1, CU459141.1, and
CP001182.1). Random amplification of polymorphic DNA (RAPD) analysis was subsequently used to discriminate the A. baumannii strains. Primers Wil2 (Williams et al., 1993) and 1247 (Akopyanz et al., 1992) previously used for typing other bacteria were applied. Some other representatives of the genus of Acinetobacter such as A. lwoffii (six strains), A. anitratus (4), and A. calcoaceticus (3) and several other gram-negative microorganisms such as P. aeruginosa, Escherichia coli, Yersinia pseudotuberculosis, Yersinia enterocolitica, Klebsiella pneumoniae, Ruxolitinib purchase Klebsiella oxytoca, Enterobacter cloacae, Pasteurella multocida, and Salmonella Enteritidis (three strains of each species) were used in the research. All bacteria were grown in Luria–Bertani (LB) broth or nutrient agar (Himedia Laboratories Pvt.
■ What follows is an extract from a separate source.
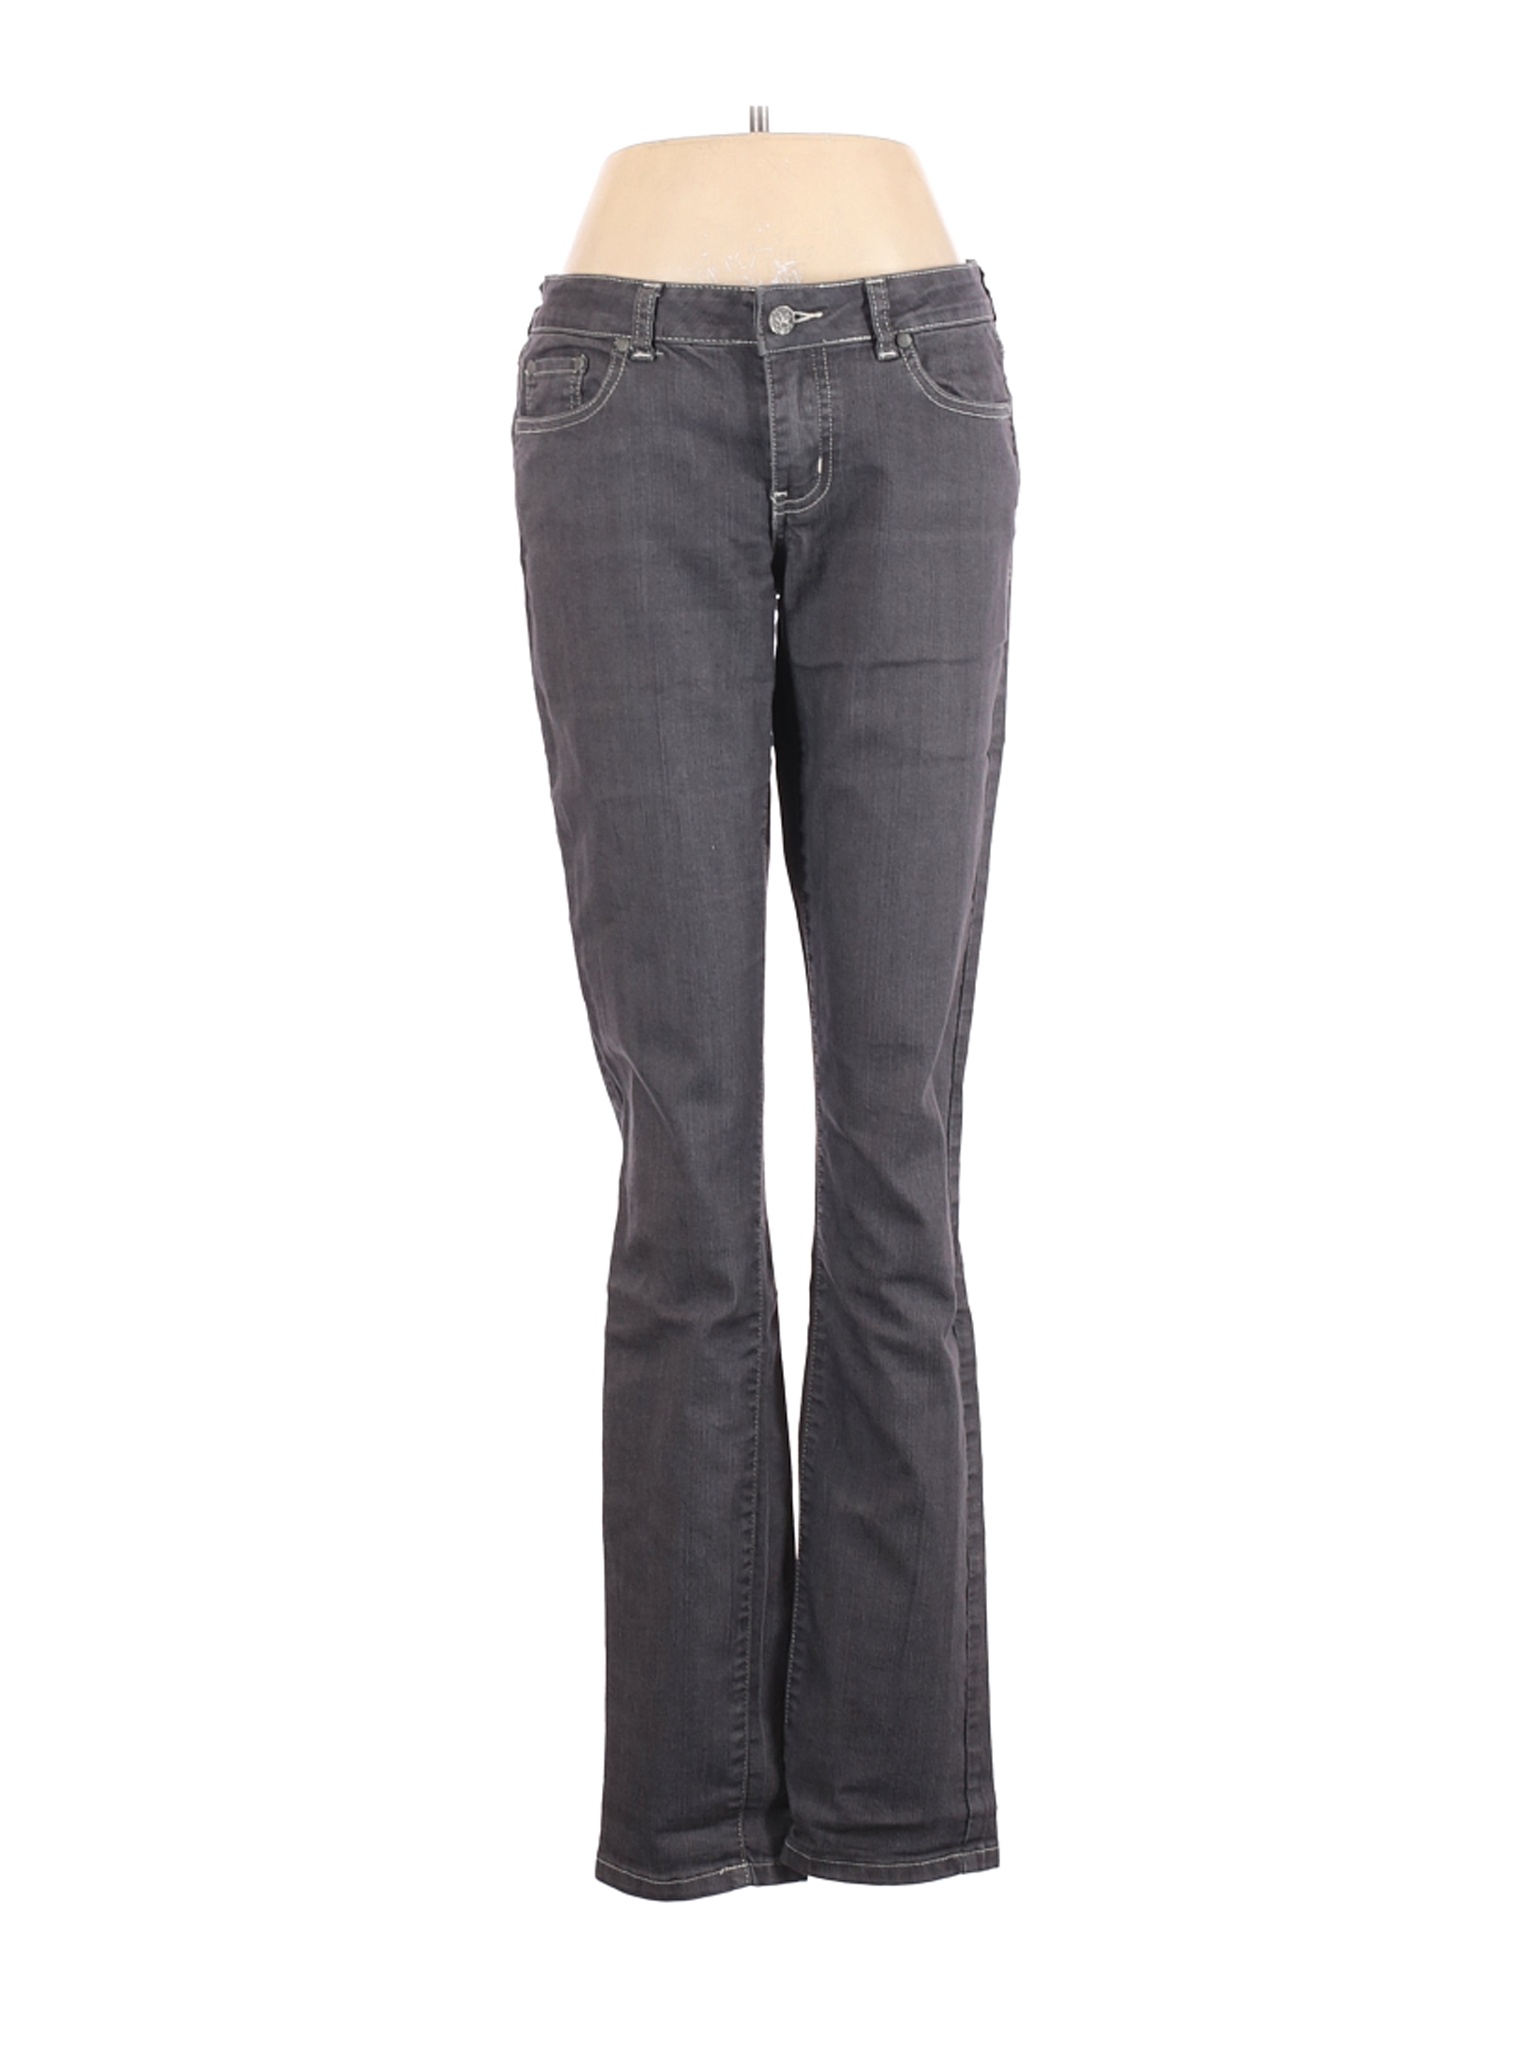 PrAna Women Gray Jeans 6 | eBay

Limited, India) at 37 °C. Clinical materials and in-hospital environmental samples were used for phage isolation. Nonliquid samples were kept in 0.1 M Tris–HCl buffer, pH 7.0. The samples were cleared by low-speed centrifugation (7000 g for 30 min.) followed by filtration of the supernatants through 1.20- and 0.45-μm-pore-size membrane filters (Millipore) to remove bacterial debris. The purified filtrates were concentrated by ultracentrifugation at 85 000 g at 4 °C for 2 h (Beckman SW28 rotor). The spot test method as well as the plaque assay (Adams, 1959) was used to screen for the presence of lytic
phage activity RGFP966 cell line in the resultant concentrates using clinical A. baumannii strains of different RAPD groups. The plates were incubated overnight at 37 °C and examined for zones of lysis or plaques formation. Single plaque isolation was used to obtain pure phage stock. For that a single plaque formed on the A. baumannii lawn was picked
up in SM buffer (10 mM Tris–HCl, pH 7.5, 10 mM MgSO4 × 7 H2O, and 100 mM NaCl) and replated three times. Phage AP22 was propagated using liquid culture of identified A. baumannii clinical strain 1053 (OD600 nm of 0.3) at multiplicity of infection (MOI) of 0.1. The incubation was performed at 37 °C until complete lysis, Methisazone and then chloroform was added. Bacterial debris was pelleted by centrifugation at 7000 g for 30 min. The phage lysate was concentrated by ultracentrifugation at 85 000 g at 4 °C for 2 h (Beckman SW28 rotor). The resultant pellet was carefully mixed with SM buffer and centrifuged at 13 000 g. Supernatant was treated with DNase (1 μg mL−1) and RNase (1 μg mL−1) at 37 °C. The nucleases were removed with chloroform. The phage preparation with the titer of 1012–1013 PFU mL−1 was purified by cesium chloride equilibrium gradient centrifugation at 100 000 g (Beckman SW41 rotor) for 24 h (Sambrook et al., 1989). Host specificity of the phage was determined by double-layer method. Onto the surface of M9 medium (Sambrook et al., 1989) plates, 0.3 mL of liquid bacterial culture (108–109 PFU mL−1) and 4 mL of soft agar (LB broth supplemented with 0.